Peer-to-Peer support for developing a new local food partnership: Carmarthenshire to Ceredigion 

How Carmarthenshire's food partnership coordinator Augusta Lewis supported the development of her neighbour's food partnership. 

Augusta Lewis, Carmarthenshire's Food Partnership Coordinator

Borders are porous  

Local food systems are formed of complex networks of relationships that don’t always stay within the county or town boundaries that define a Sustainable Food Place. Whether it is primary production, aggregation, logistics and distribution, retail, community food initiatives, or health board areas, the borders are porous, therefore presenting fruitful opportunities for regional collaboration between food partnerships.  

 

Finding your counterparts 

In Wales, Carmarthenshire was the seventh local authority area to become a member of Sustainable Food Places in 2022, but it’s bordering county, Ceredigion has remained without a local food partnership. In the autumn of 2021, the team at Sustainable Food Places offered Augusta Lewis, (Carmarthenshire’s Sustainable Food Places Coordinator), the opportunity to have ten paid days to offer peer-to-peer support to help lay the groundwork for a Ceredigion Local Food Partnership.  

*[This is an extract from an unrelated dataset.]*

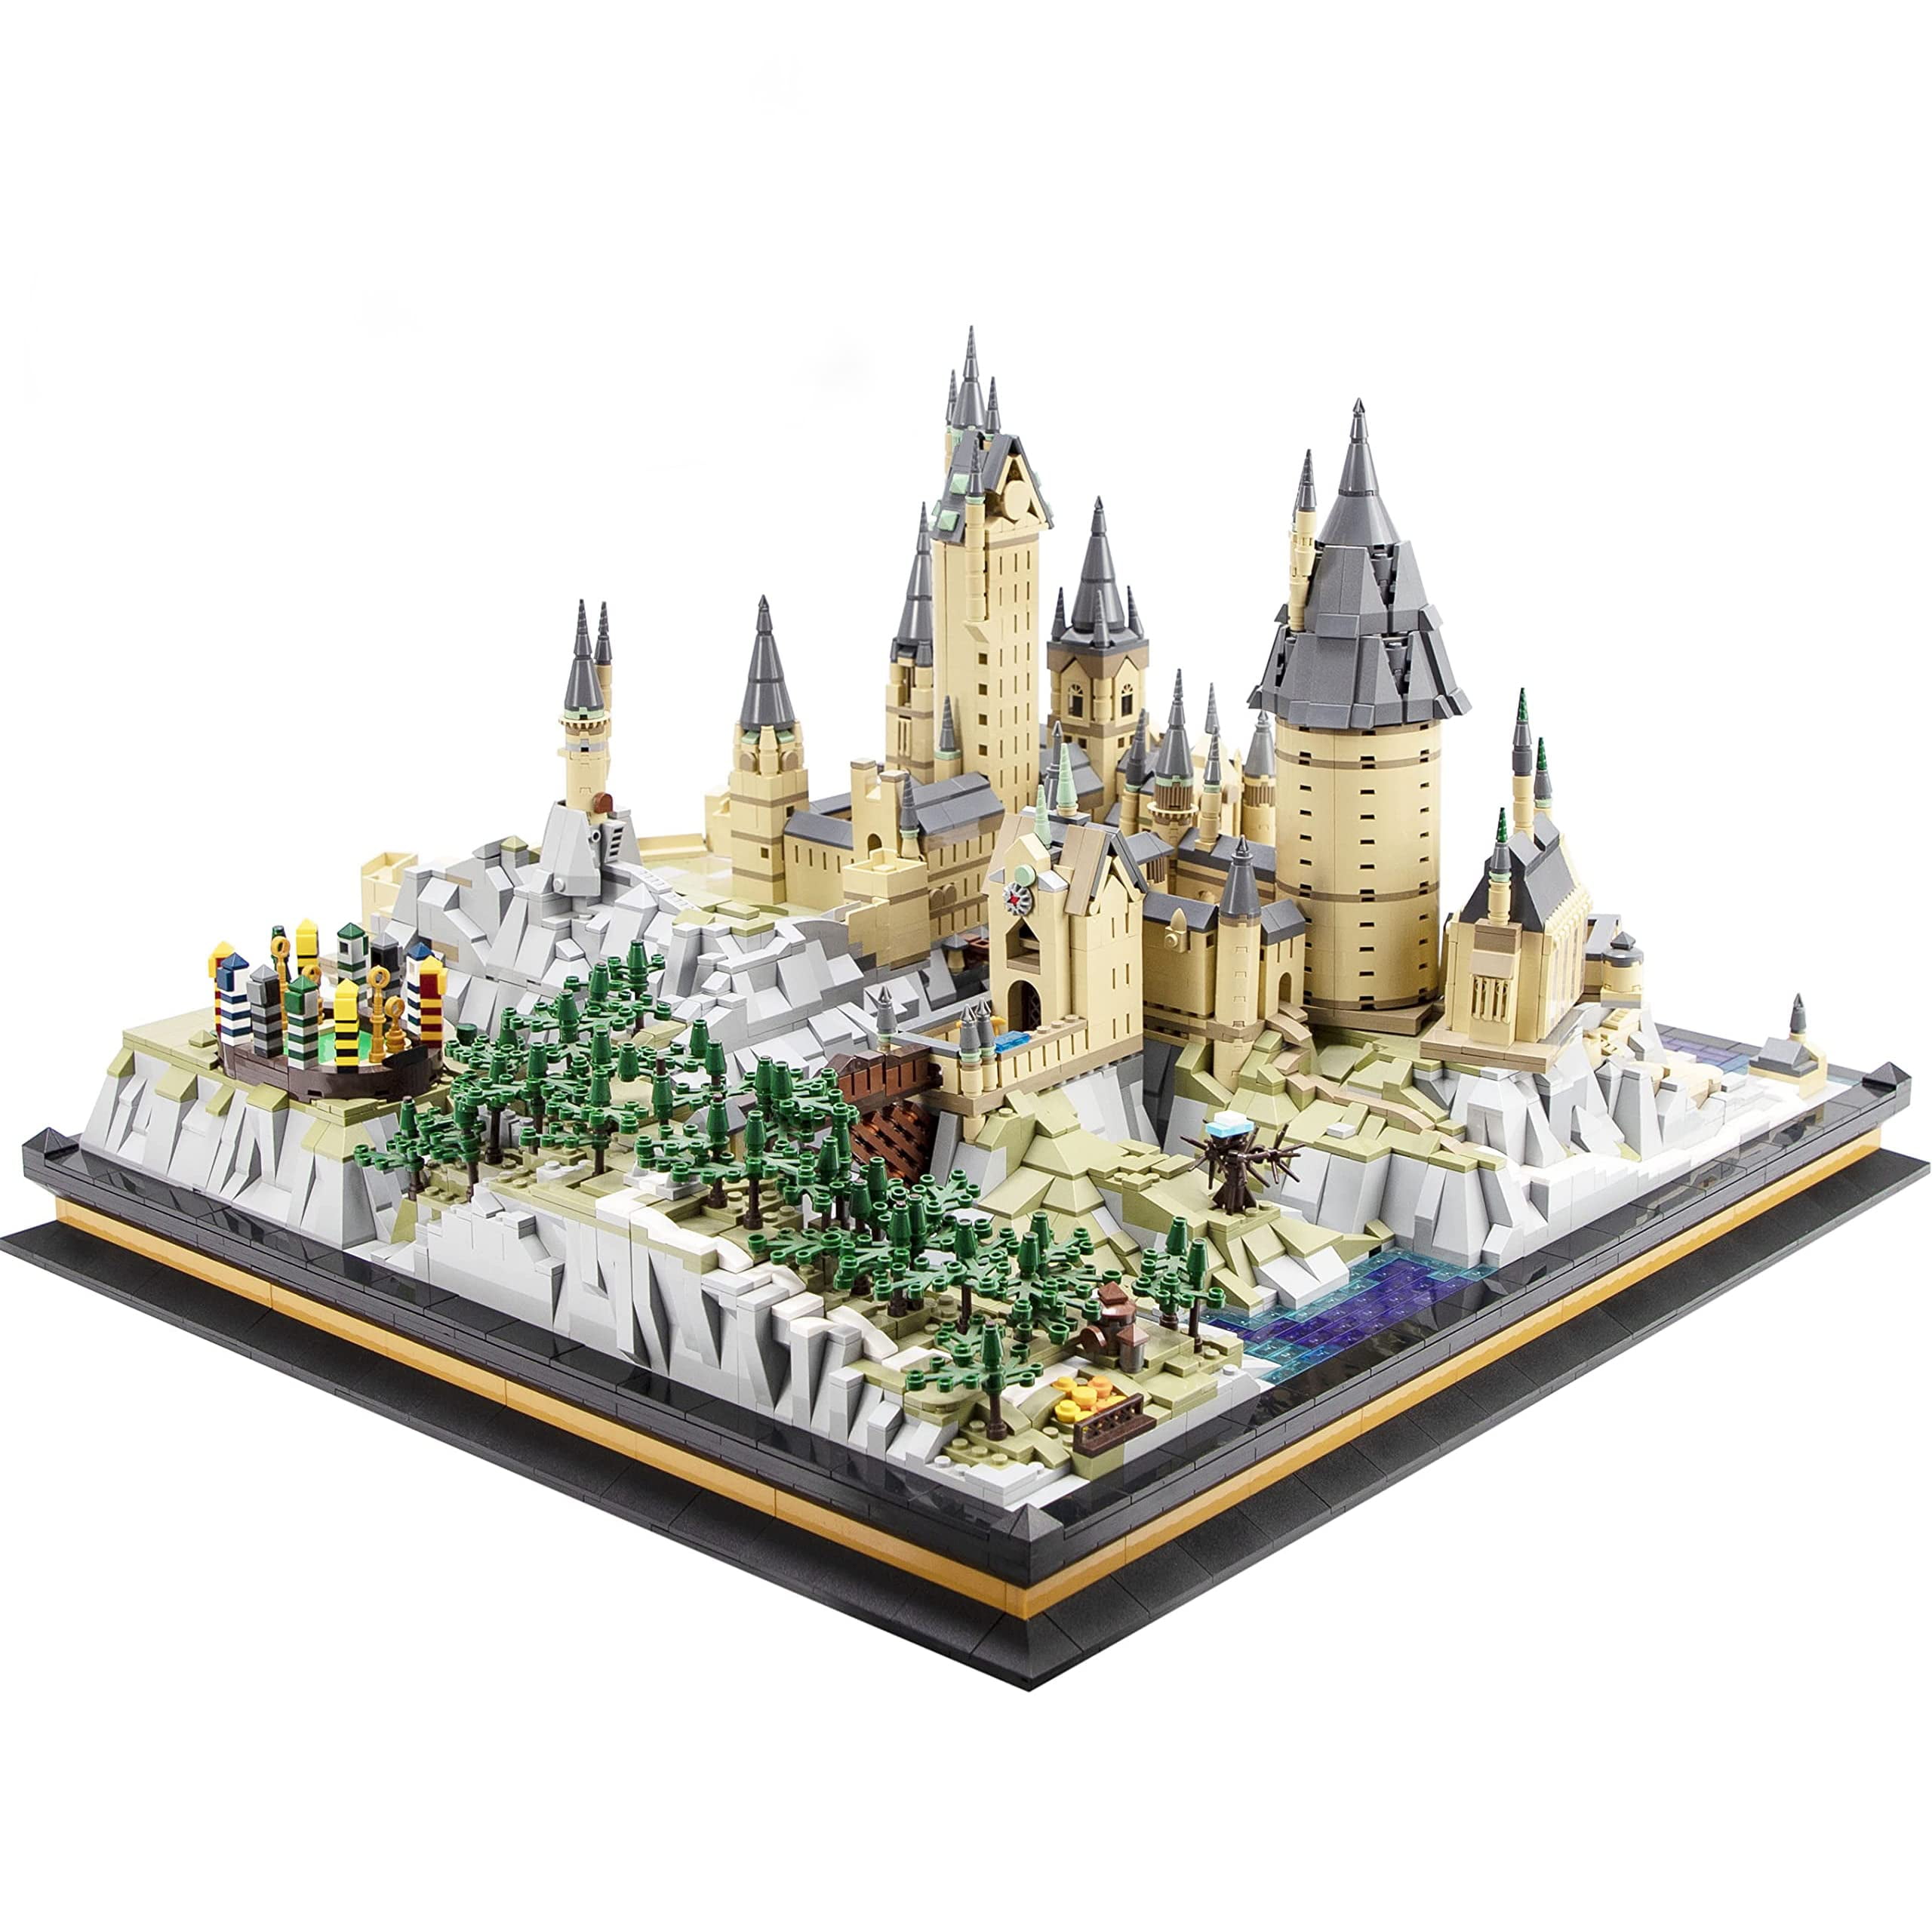 Lego Announces It's Second Largest Playset To Date, The 6000+ Piece Hogwarts  Castle For $399.99

Augusta says; “I was able to contact many of the public sector Ceredigion counterparts of the core members of our own strategic food partnership in Carmarthenshire. They’d heard about the good work we’d be doing over the border, so there was good attendance at the early meetings from senior strategic leaders in the county. We are lucky in Wales that the Wellbeing of Future Generations Act (2015) creates a responsibility for organisations within the public sector to work together through Public Services’ Boards. Sustainable Food Places extends this to incorporate wider representation from both the voluntary and private sector in a collaborative multi-sectorial approach.” 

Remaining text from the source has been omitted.